In the ten days before harvest, Romain works by hand and by mouth. Literally.

“I start picking fruit about ten days before the expected harvest date and sending it to the lab. But what matters most to me is not the analysis — it is the quality of the tannins. I crack the seeds and taste them. I look at the colour: if the seeds are fully brown, ripeness is there. If there is still green, it is not.”

Antoine added that in the context of today's warmer vintages, phenolic ripeness matters far more than alcoholic ripeness. Getting the sugars up is no longer the challenge. The question is whether the tannins are ready — whether the wine will have the structure and elegance to age.

"Patience. The wine will deliver over time. If you open a young bottle and pour it immediately, you are getting perhaps half of what it has to offer. Open it two or three hours in advance. Pour a small glass. Let it breathe. Come back to it. The evolution over the course of an evening can be extraordinary."
— Romain Taupenot

In difficult years like 2023, this meant ruthless sorting. Heat events in August shrivelled some berries; by harvest, those berries carried high alcohol and overripe, plummy character that would have pulled the wines away from the fresh, red-fruited profile the domaine is known for. Sorting them out cost volume, but protected the wines' identity.

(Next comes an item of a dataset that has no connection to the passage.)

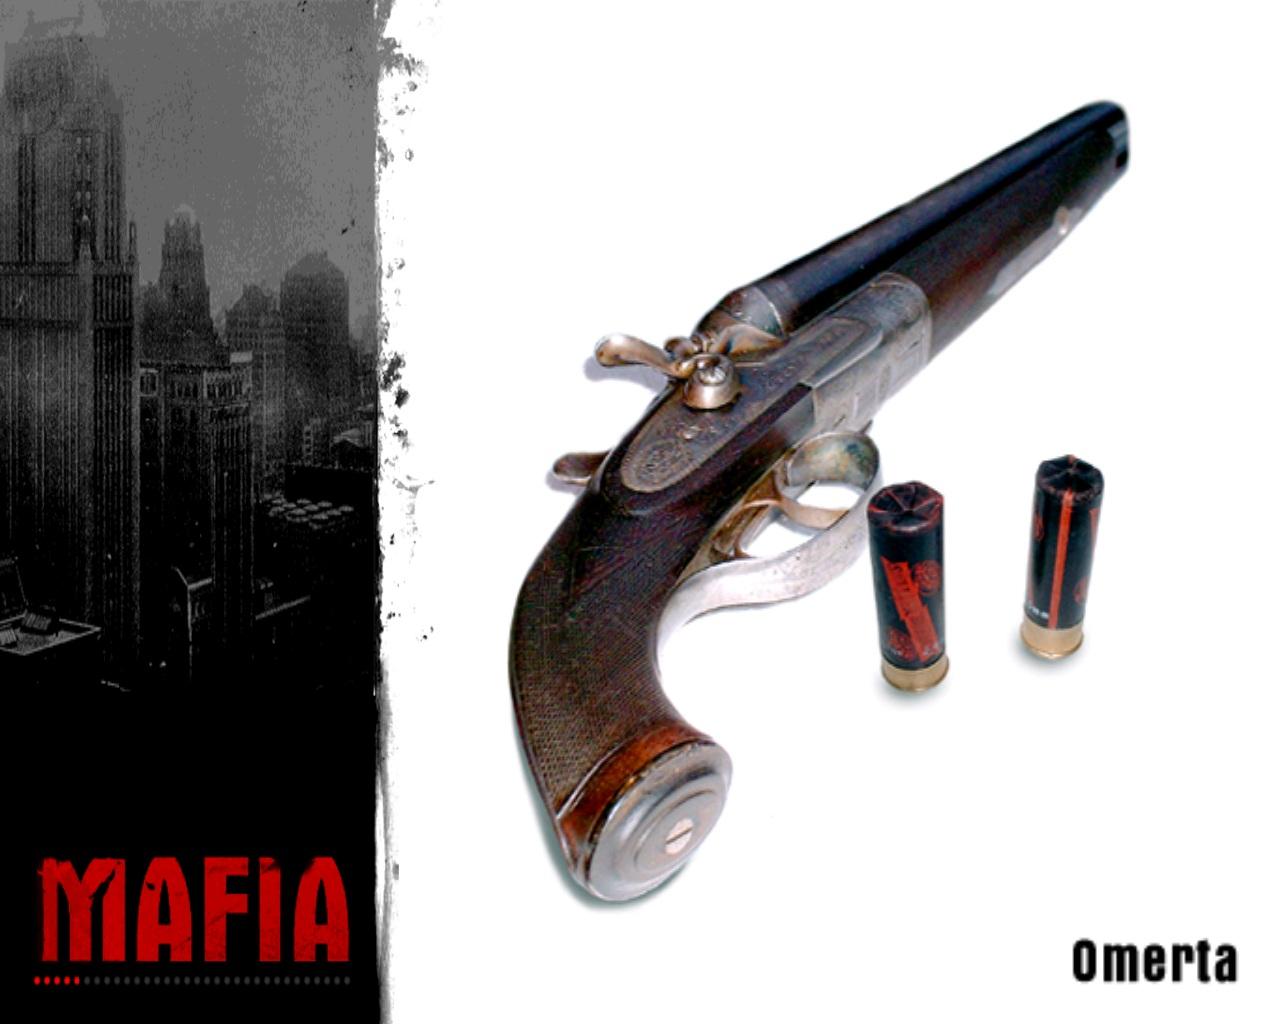 Omerta (Mafia) | Mafia Wiki

“You have to produce little, but great.”

Patience, Above All

When I asked what he would most want people to know about Taupenot-Merme wines that we hadn't yet discussed, Romain did not hesitate.

“Patience. The wine will deliver over time. If you open a young bottle and pour it immediately, you are getting perhaps half of what it has to offer. Open it two or three hours in advance. Pour a small glass. Let it breathe. Come back to it. The evolution over the course of an evening can be extraordinary.”

He is not a fan of decanters for his reds — too much oxygen too fast, he says, which can flatten the very vibrancy that makes the wines interesting. The better method is time in the glass, slowly, with attention.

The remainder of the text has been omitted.